**What is being asked:** Return a faithful copy of all the entries, omitting the images.

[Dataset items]
◇ ◇ ◇ ◇ ◇
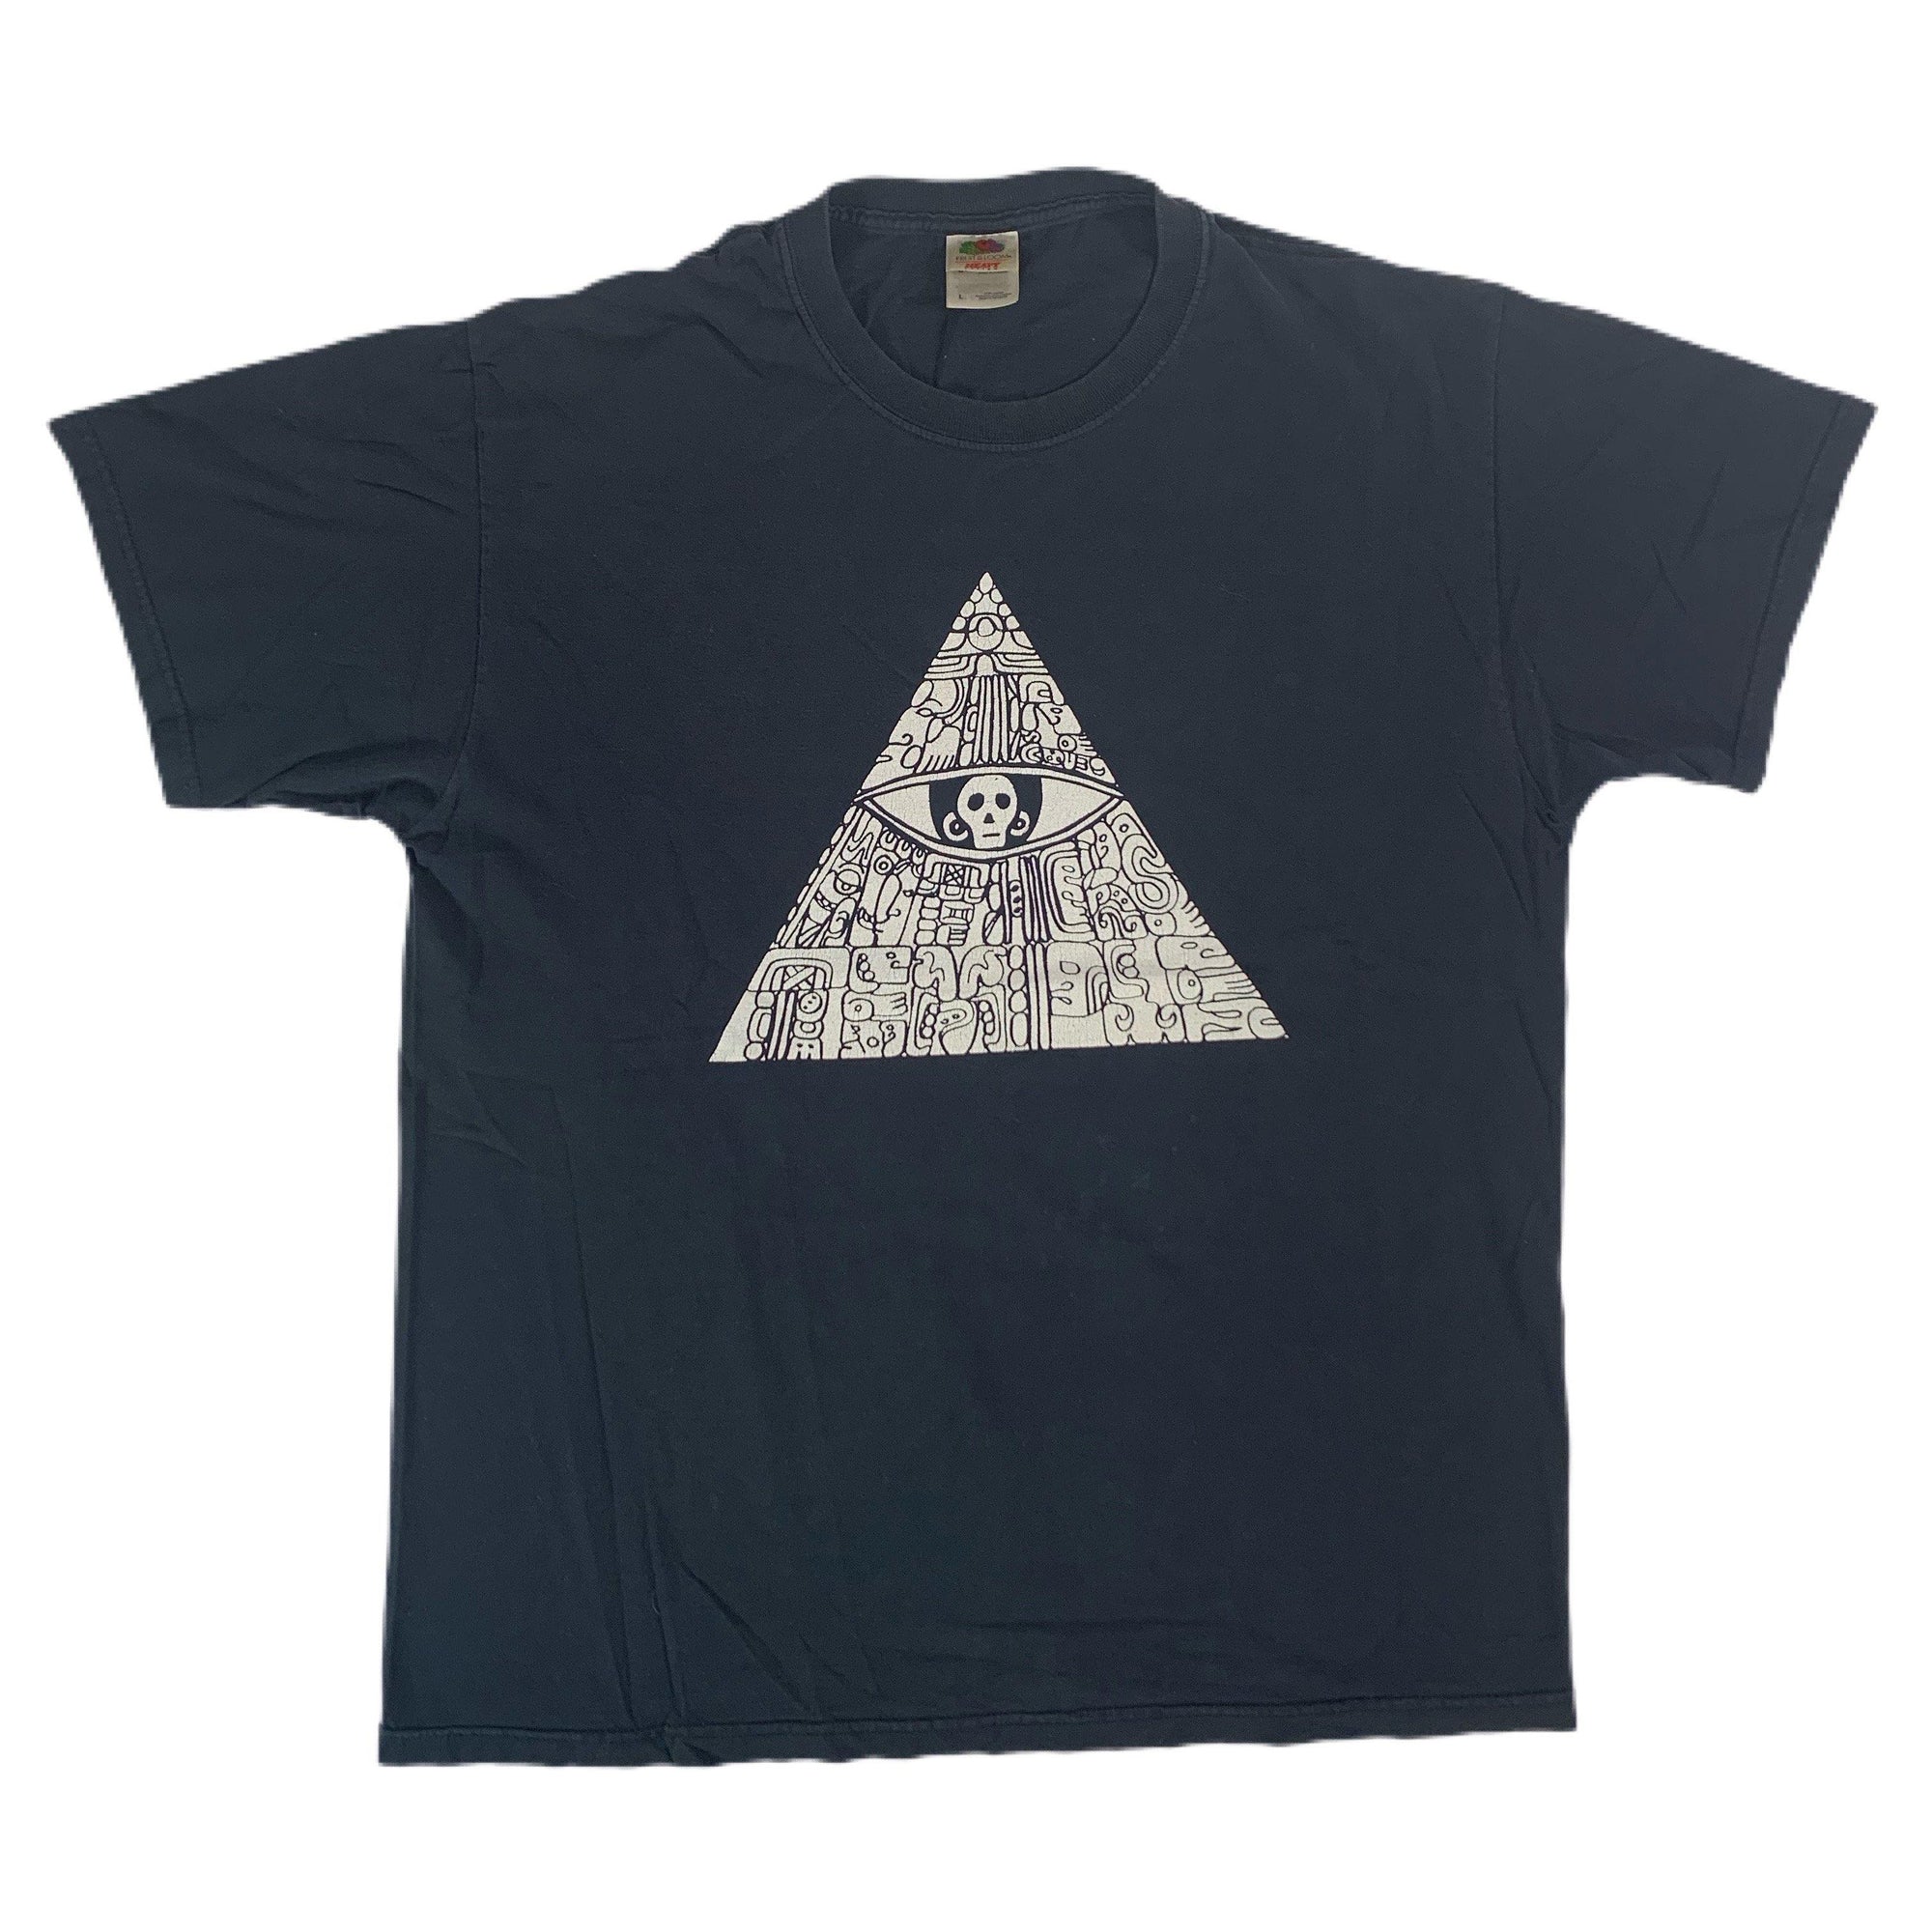 Vintage Original Acid Mothers Temple & The Melting Paraiso U.F.O Last Tour T shirt Front
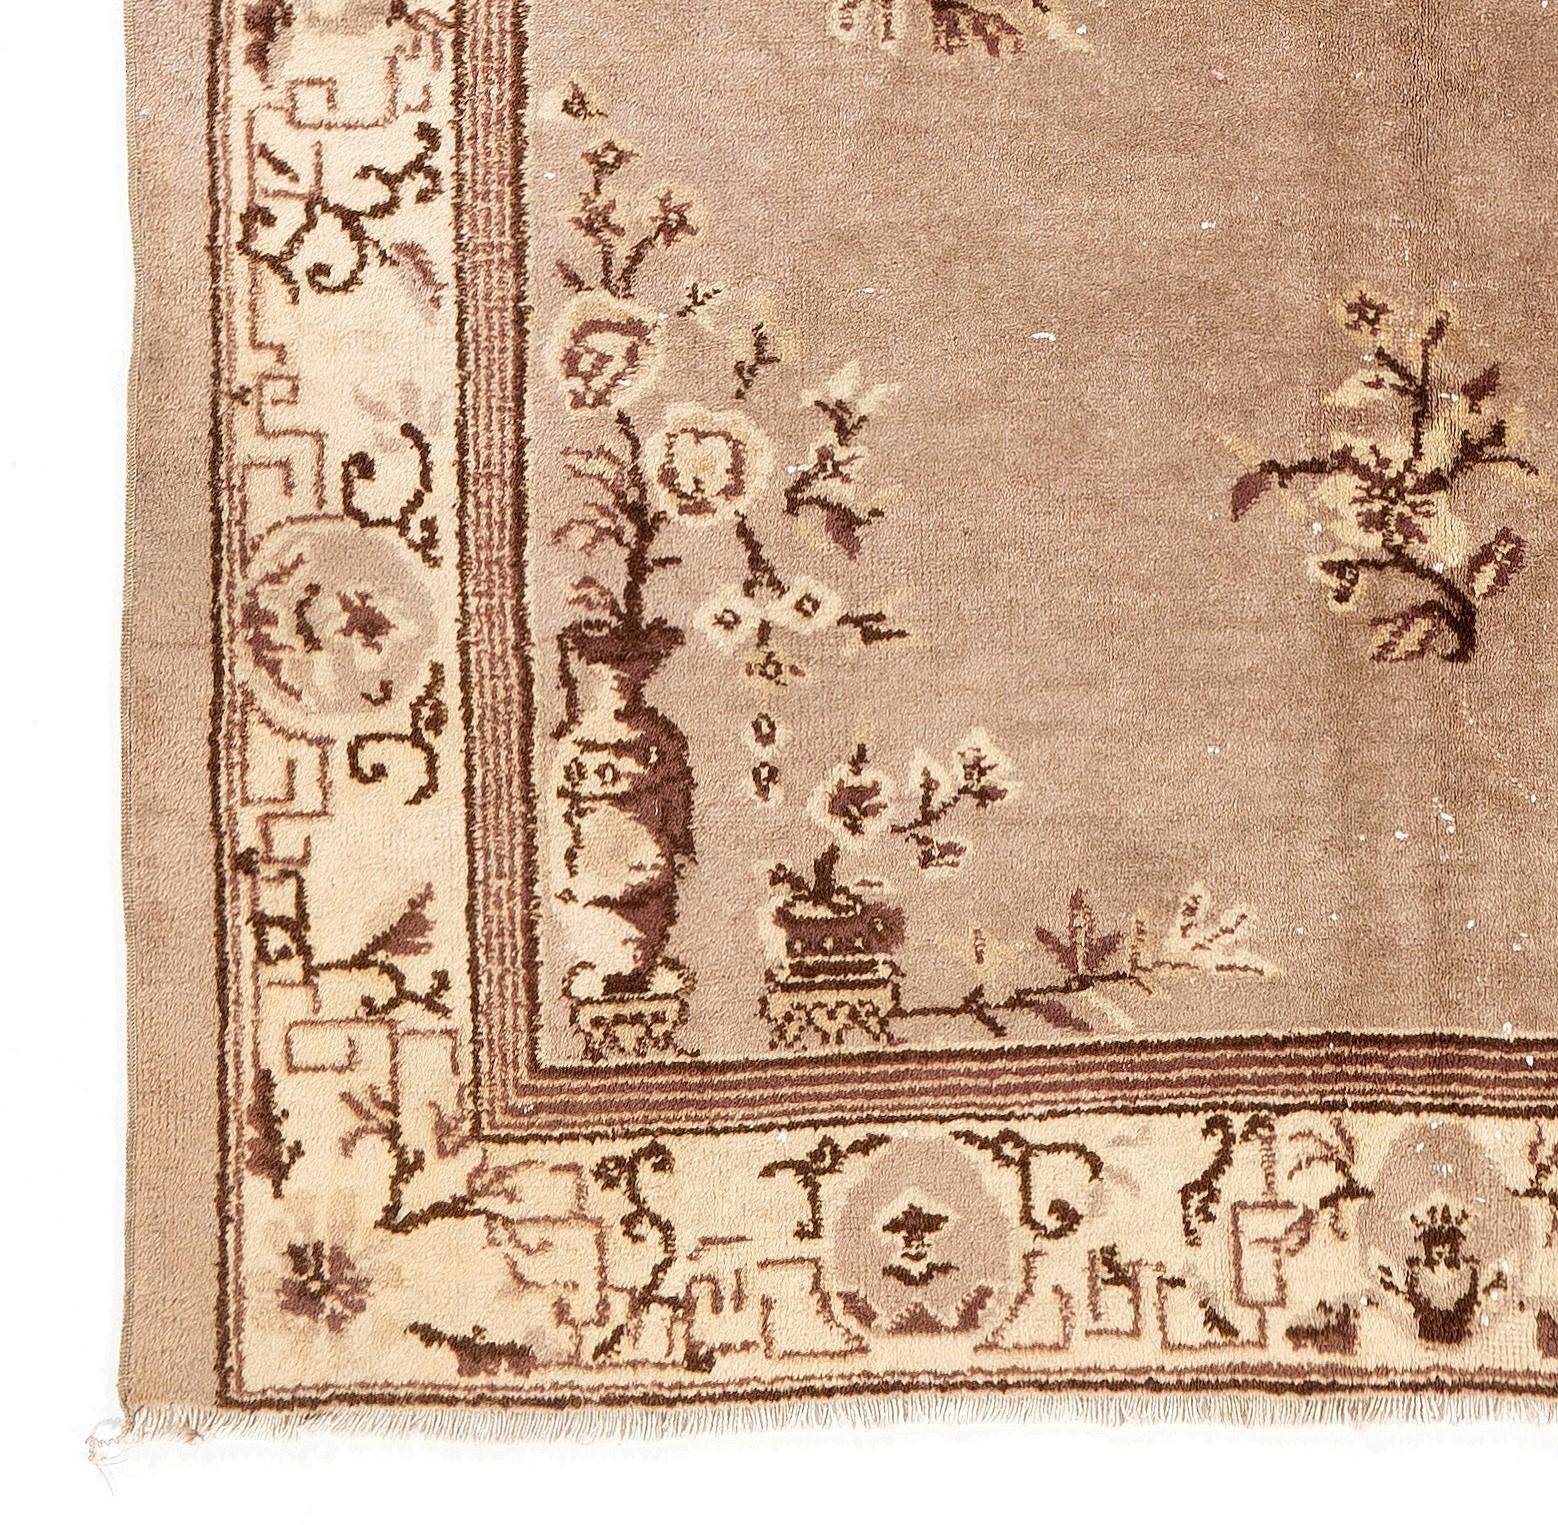 Ein alter handgeknüpfter chinesischer Teppich mit einem zentralen Medaillonmuster, das Rosetten und eckige Blätter in Stahl mit braunen Akzenten auf einem verblassten taupefarbenen Feld zeigt. 

Die braunen Umrisse der Rosetten sowie die mäandernden
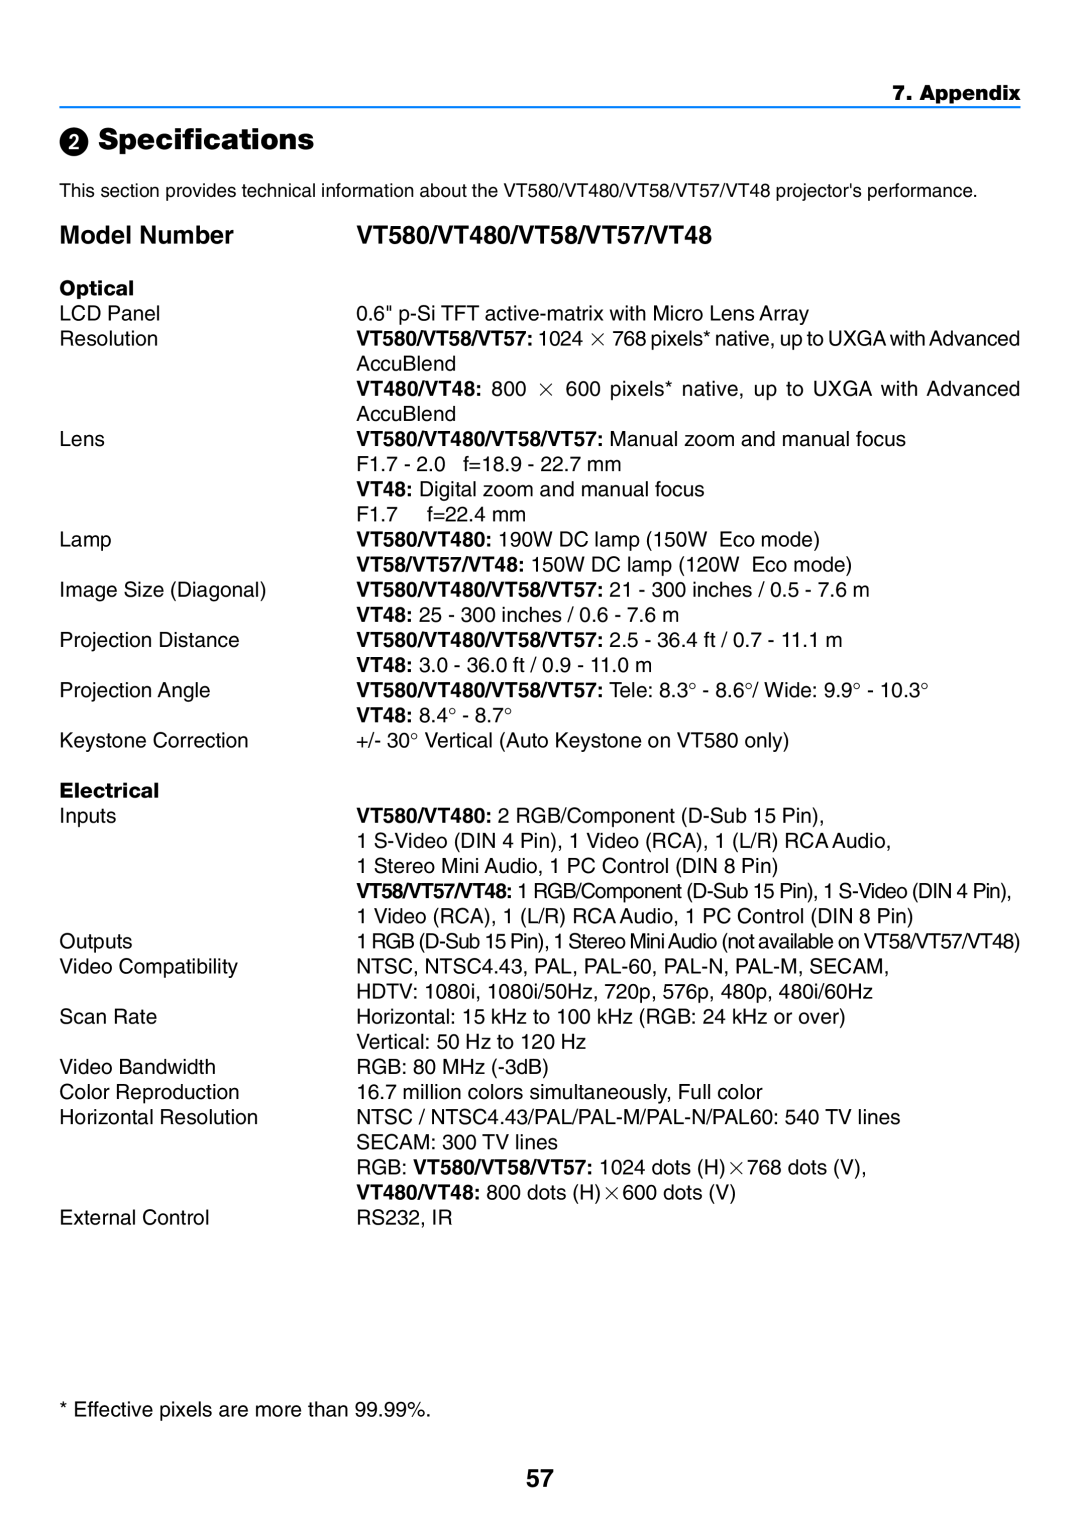 NEC manual Specifications, Model Number, VT580/VT480/VT58/VT57/VT48, Optical, Electrical, Appendix 
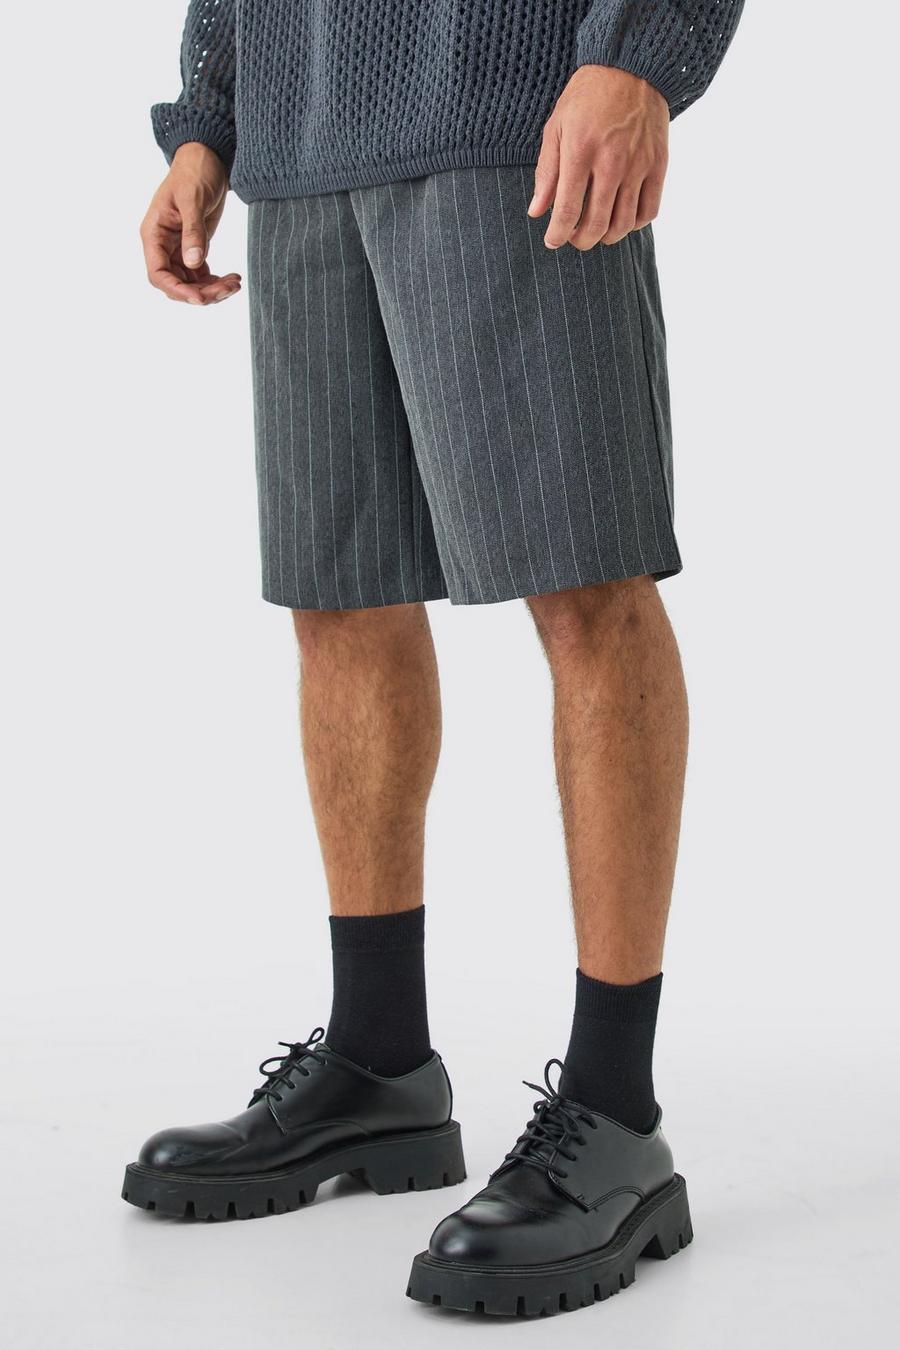 Pantalón deportivo plisado entallado de pernera ancha, Grey
◇ ◇ ◇ ◇ ◇
**Task answer:**
 Vintage Original Acid Mothers Temple & The Melting Paraiso U.F.O Last Tour T shirt Front
 Ein alter handgeknüpfter chinesischer Teppich mit einem zentralen Medaillonmuster, das Rosetten und eckige Blätter in Stahl mit braunen Akzenten auf einem verblassten taupefarbenen Feld zeigt. 

Die braunen Umrisse der Rosetten sowie die mäandernden
 NEC manual Specifications, Model Number, VT580/VT480/VT58/VT57/VT48, Optical, Electrical, Appendix 
 Pantalón deportivo plisado entallado de pernera ancha, Grey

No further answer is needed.